RKNN-Toolkit2: A software development kit for converting, simulating, and evaluating AI models on PC or Rockchip NPU platforms.

RKNN-Toolkit-Lite2: A lightweight Python deployment interface intended for direct use on Rockchip NPU devices, simplifying inference workflows.

RKNN Runtime: A C/C++ runtime for executing RKNN models directly on Rockchip NPU hardware.

RKNPU Kernel Driver: The low-level driver responsible for interacting with the NPU hardware. It is open-source and available within Rockchip’s kernel repositories.

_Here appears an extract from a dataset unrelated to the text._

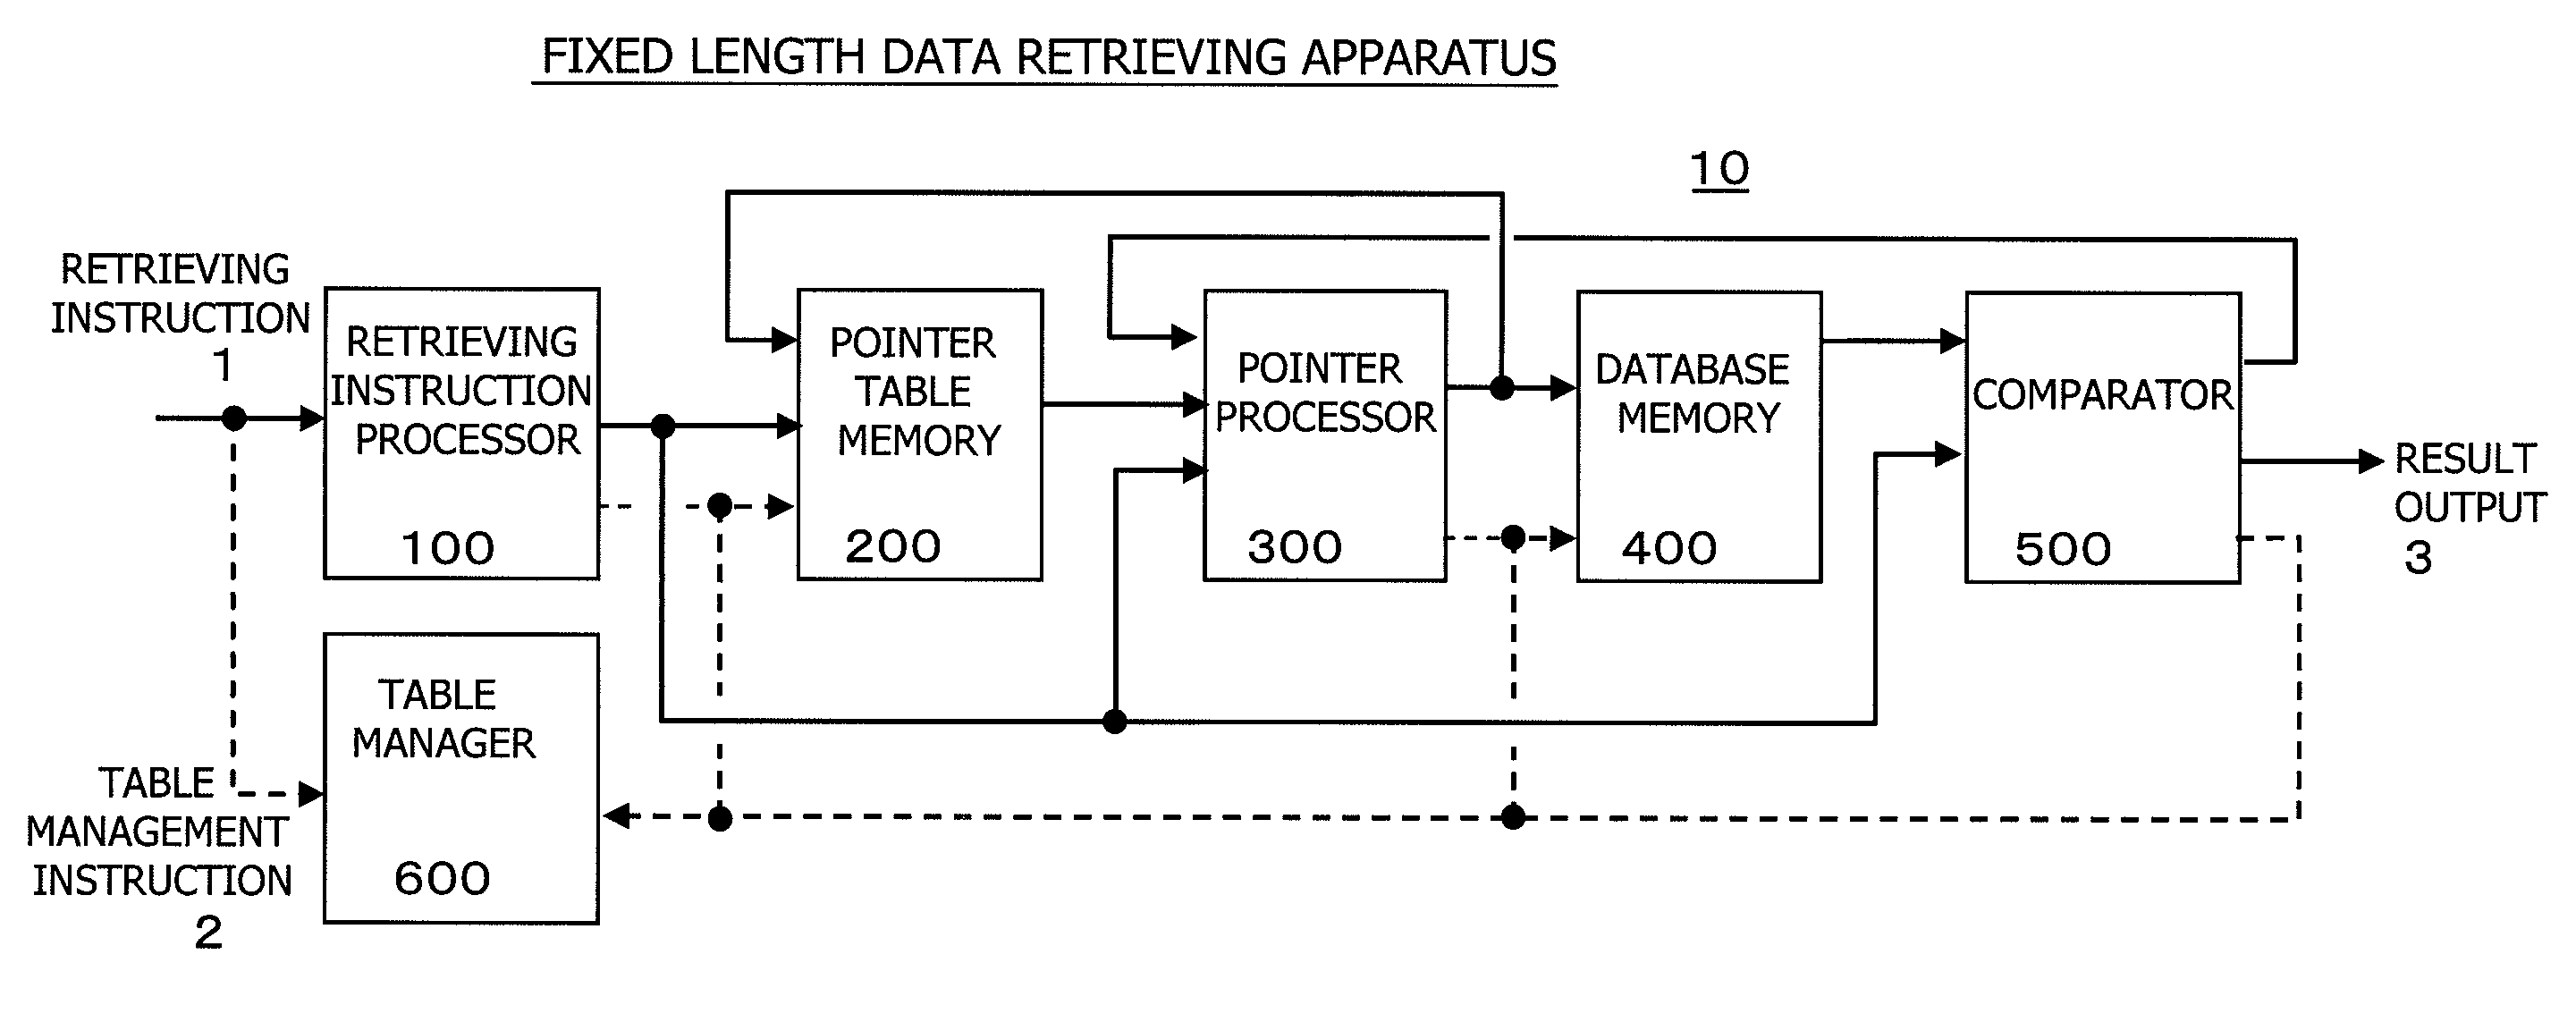 Retrieving Method for Fixed Length Data

Capabilities of RKNN-Toolkit2

RKNN-Toolkit2 provides a convenient Python interface for model conversion and inference on a PC.
With this toolkit, developers can:

Convert Deep-Learning Models: Convert Caffe, TensorFlow, TensorFlow Lite, ONNX, DarkNet, and PyTorch models into RKNN format. The converted RKNN files can be exported, imported, and deployed on Rockchip NPU devices.

Quantize Models: Convert floating-point models into fixed-point models using asymmetric quantization (asymmetric_quantized-8). Hybrid quantization is also supported.

Simulate Inference: Run inference using the RKNN model on a PC to simulate NPU execution, enabling developers to validate outputs before deployment.

Evaluate Performance: Send the model to an NPU-equipped device to measure execution speed and memory consumption.

Analyze Quantization Accuracy: Compare layer-by-layer outputs between floating-point and quantized models using cosine similarity, helping identify quantization-sensitive operations.

Encrypt Models: Encrypt RKNN models using specified security levels. Encryption occurs within the driver, meaning encrypted models load and run identically to normal models.

RKNN SDK supports mainstream Rockchip chips such as RK3566, RK3568, RK3576, and RK3588.
A typical development environment requires Ubuntu 20.04 (64-bit), Python 3.8, and at least 16GB RAM.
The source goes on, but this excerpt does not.